--- DATA SEGMENT Enclosed Below ---
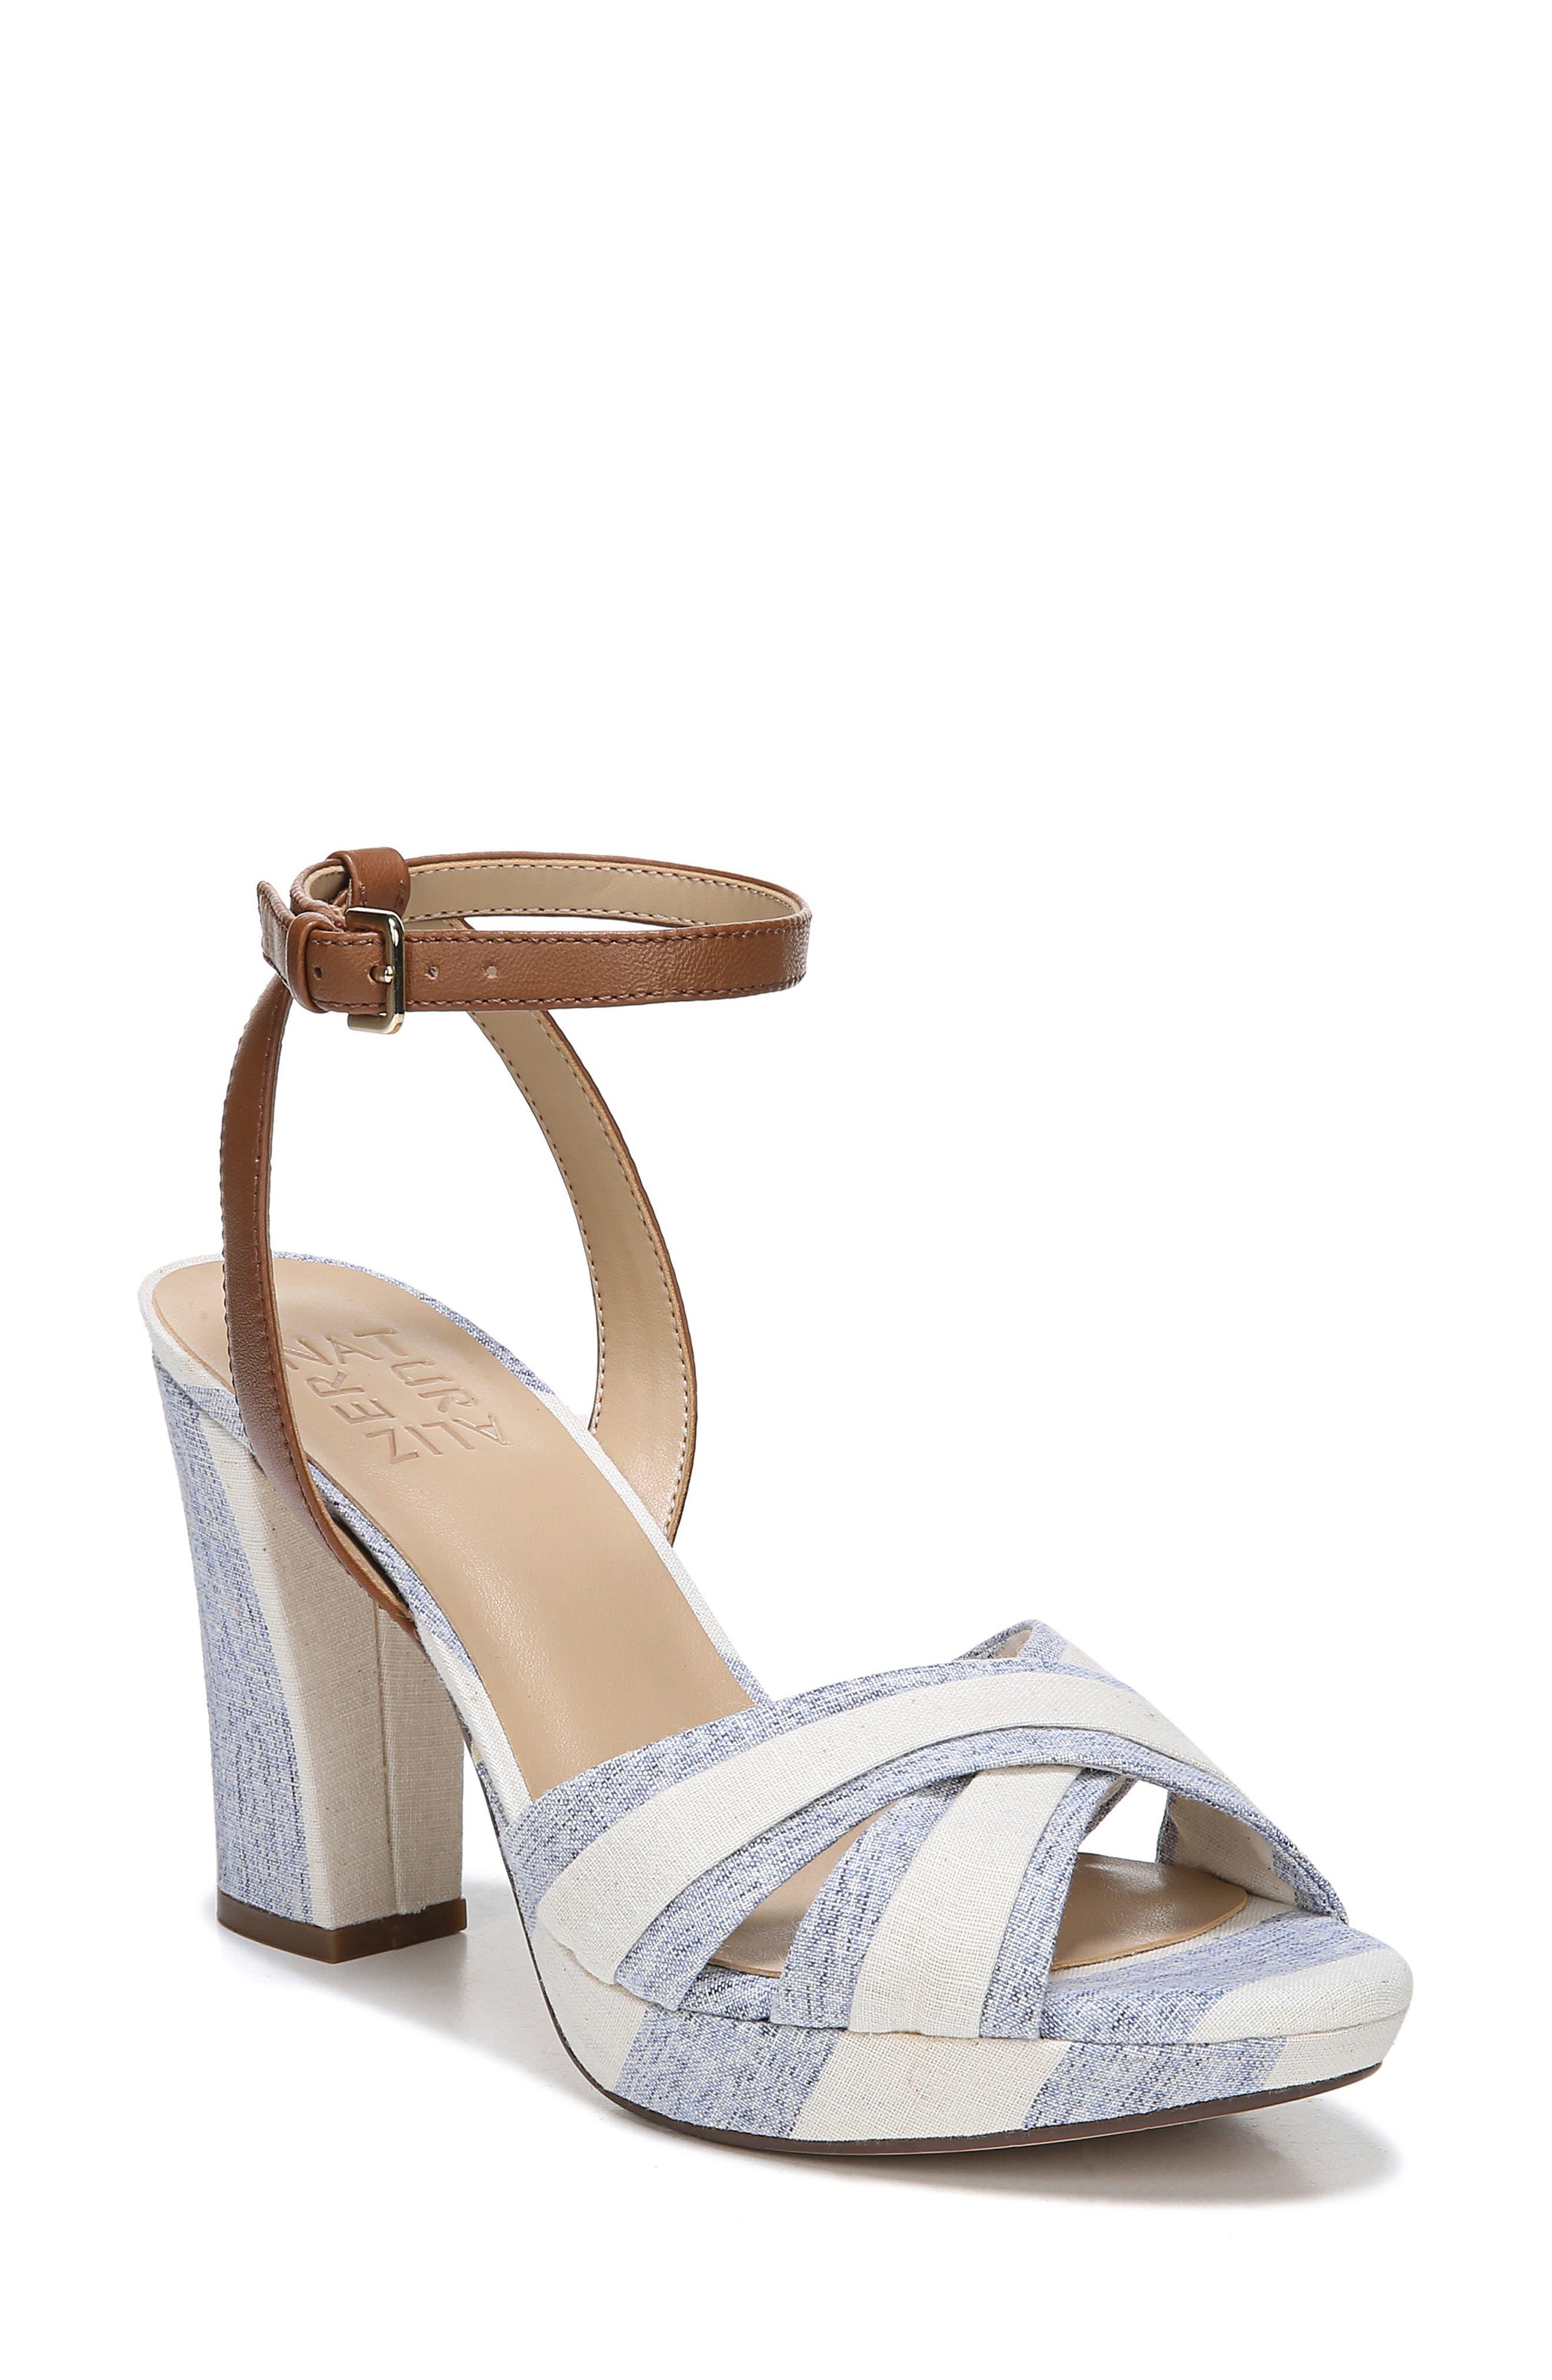 Naturalizer Avril Ankle Strap Sandal, Blue
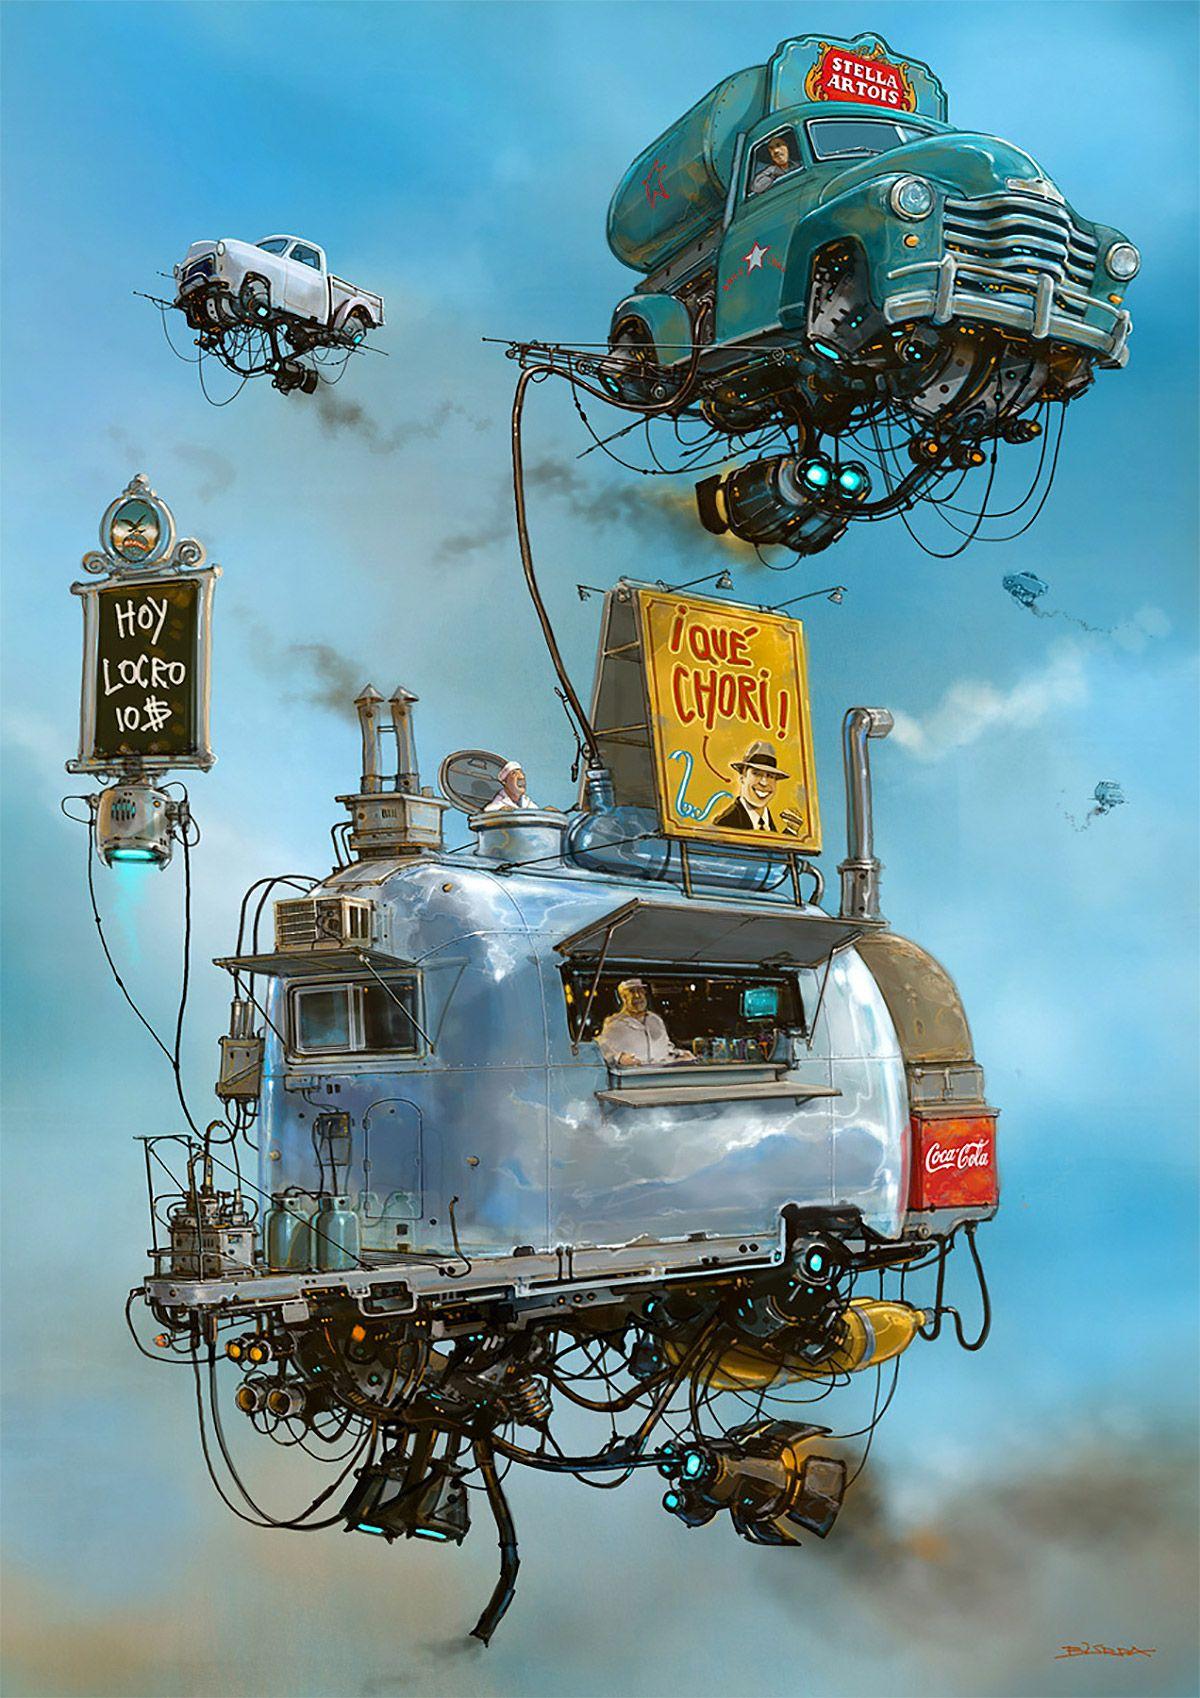 Flying Car Illustrations by Alejandro Burdisio – Inspiration Grid   Design Inspiration #illustration #illustrationinspiration #drawing #conceptart #flyingcars #retrofuturistic #inspirationgrid
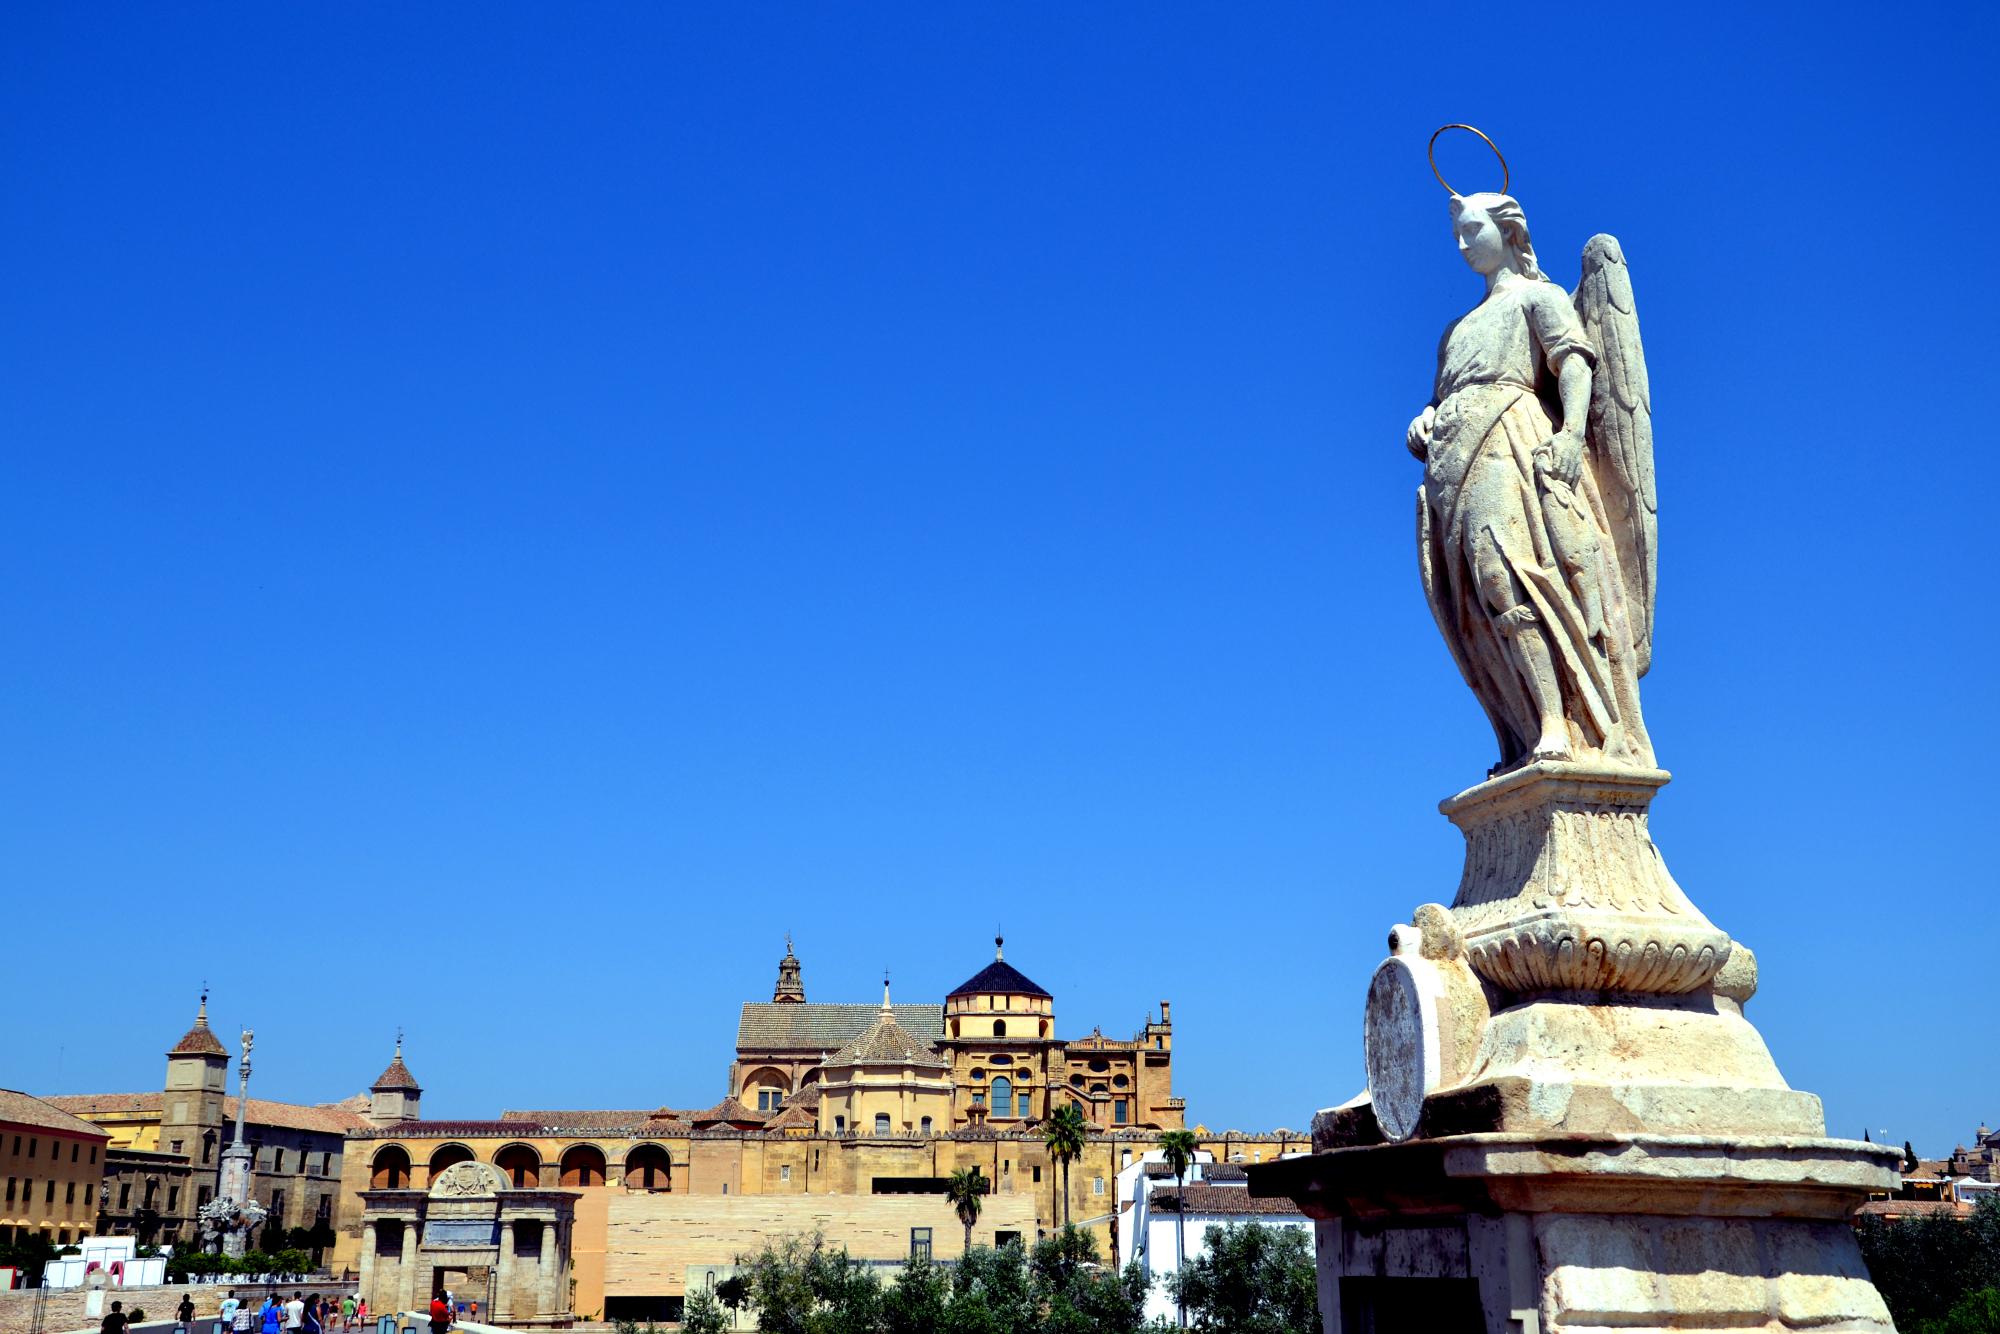 Статуя Архангела Рафаэля / Римский Мост в Кордове фото: Mundo-Guides
--- End of Enclosed DATA SEGMENT ---
# [EXERCISE OBJECTIVE]
Every line from the one with "Flying Car Illustrations" through the end of the material above should be restated word for word, with the pictures left out.

# [TASK OUTPUT]
 Flying Car Illustrations by Alejandro Burdisio – Inspiration Grid   Design Inspiration #illustration #illustrationinspiration #drawing #conceptart #flyingcars #retrofuturistic #inspirationgrid
 Статуя Архангела Рафаэля / Римский Мост в Кордове фото: Mundo-Guides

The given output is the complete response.